- Official series poster
- Thai: The Gifted – นักเรียนพลังกิฟต์
- Genre: Science fantasy; Suspense;
- Created by: GMMTV; Parbdee Taweesuk;
- Based on: The Gifted (ภารกิจลับ นักเรียนพลังกิฟต์) by Dhammarong Sermrittirong
- Directed by: Patha Thongpan; Dhammarong Sermrittirong; Waasuthep Ketpetch; Jarupat Kannula;
- Starring: Korapat Kirdpan; Wachirawit Ruangwiwat; Ladapa Thongkham; Harit Cheewagaroon; Methika Jiranorraphat; Atthaphan Phunsawat; Pattadon Janngeon; Napasorn Weerayuttvilai; Chayapol Jutamas; Chayakorn Jutamas;
- Country of origin: Thailand
- Original language: Thai
- No. of episodes: 13

Production
- Executive producer: Sataporn Panichraksapong
- Producer: Parbdee Taweesuk
- Running time: 50 minutes
- Production companies: GMMTV; Parbdee Taweesuk;

Original release
- Network: One31; LINE TV; GMM 25 (Rerun);
- Release: 5 August – 4 November 2018

Related
- The Gifted: Graduation

= The Gifted (Thai TV series) =

2018 Thai television series

The Gifted (The Gifted – นักเรียนพลังกิฟต์; The Gifted – rtgs Gift, lit. The Gifted: Students With Special Powers) is a 2018 Thai television series starring Korapat Kirdpan (Nanon), Wachirawit Ruangwiwat (Chimon), Ladapa Thongkham (Lilly), Harit Cheewagaroon (Sing), Methika Jiranorraphat (Jane), Atthaphan Phunsawat (Gun), Pattadon Janngeon (Fiat), Napasorn Weerayuttvilai (Puimek), Chatchawit Techarukpong (Victor), Chayapol Jutamas (AJ), and Chayakorn Jutamas (JJ). Based on the 2015 short film The Gifted and the novel The Gifted by Dhammarong Sermrittirong (SandOtnim), the series follows a low-class student who is accelerated to an elite, secretive program where students are trained to discover and develop their supernatural abilities.

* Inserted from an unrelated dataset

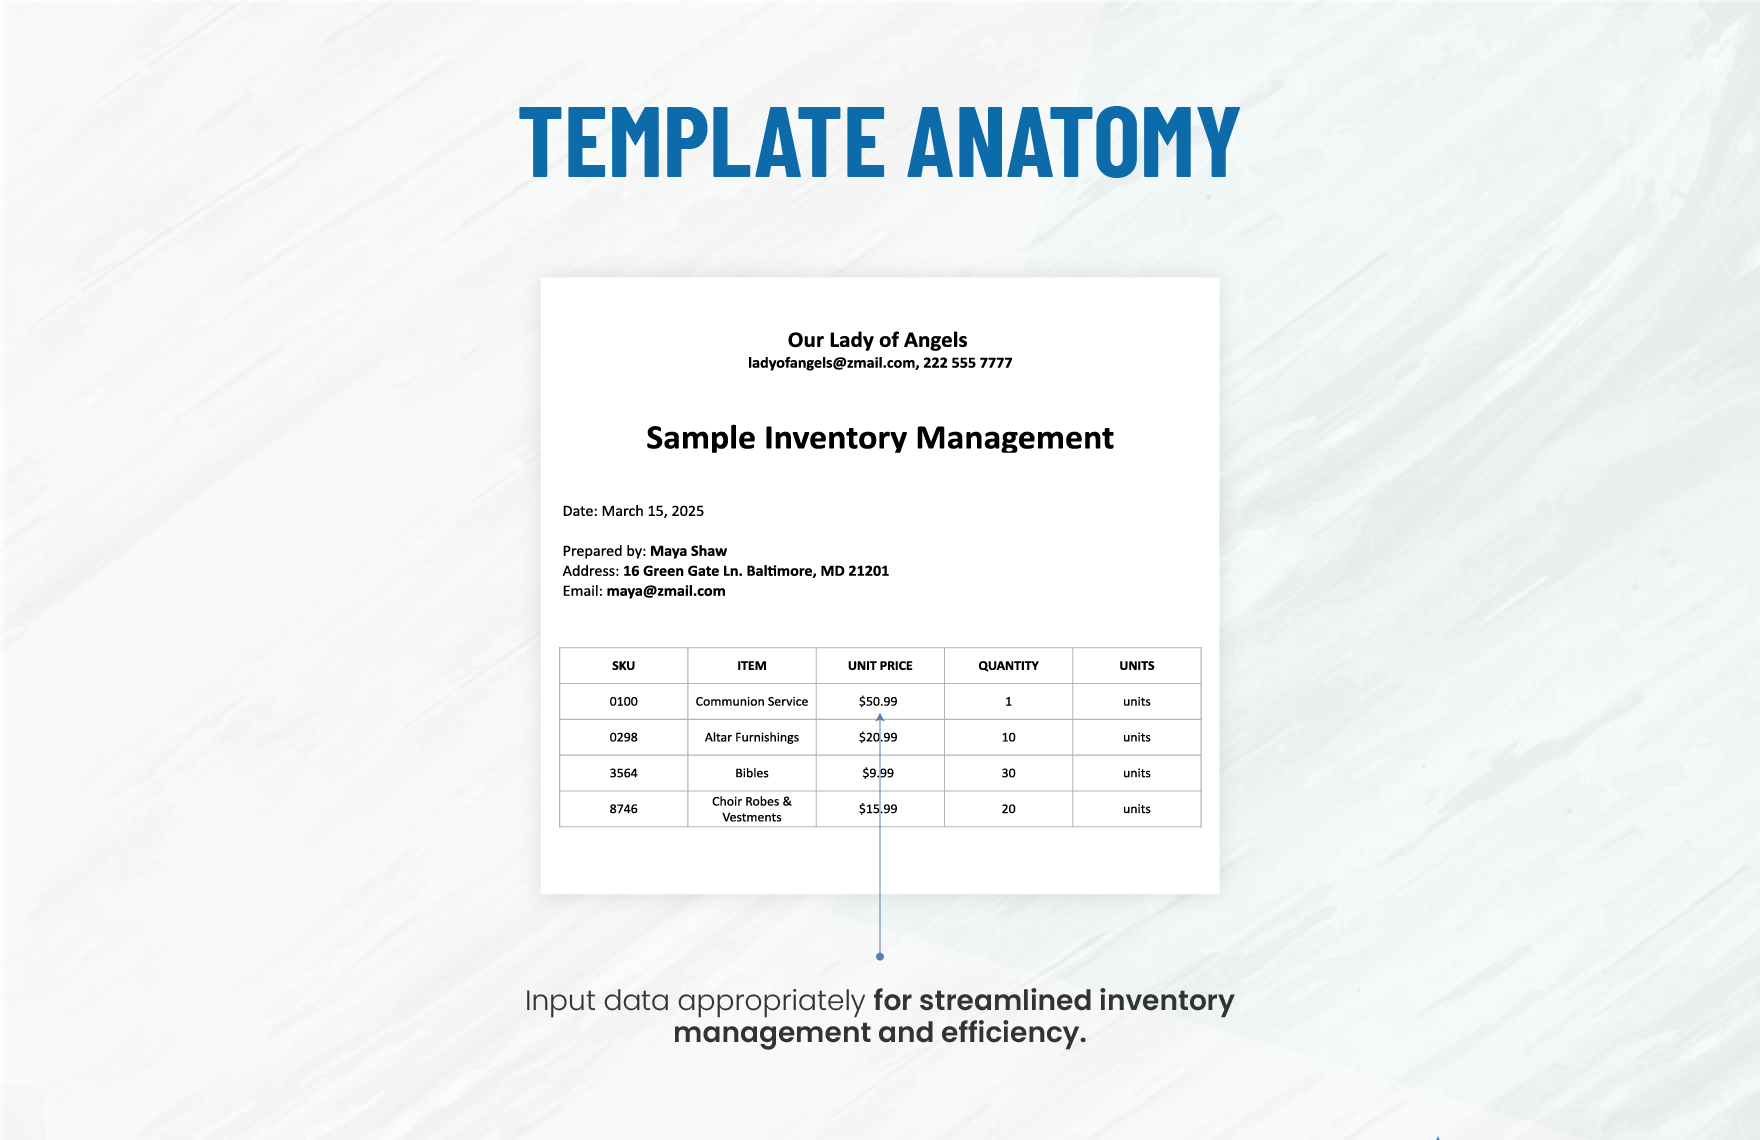 Sample Inventory Management Spreadsheet Template

Produced by GMMTV and Parbdee Taweesuk, the series aired on One31 and Line TV from 5 August 2018 to 4 November 2018, and received highest ratings among that year's teenage series in Thailand. Its sequel, The Gifted: Graduation, premiered in September 2020.

==Synopsis==
Pawaret "Pang" Sermrittirong (Korapat Kirdpan) is a struggling, ordinary tenth grade student in Ritdha High School. Here, a classification system is strictly implemented wherein students are divided into classes based on academic excellence. Pang is in Class VIII, the lowest level, and has no hopes of rising up the hierarchy.

But everything turns haywire for Pang when he unexpectedly sees the school's Placement Exam, which gives low-class students a chance to step up in their game. Adding to the mystery, he is accelerated to the "Gifted Program," the highest and most special class in school where only a handful of students are accepted. As he goes through their first sessions, Pang starts to feel something strange about the Gifted Program. Soon, he and his Gifted classmates unleash their long-hidden potentials: supernatural and superhuman abilities that stem from their personalities and behavior.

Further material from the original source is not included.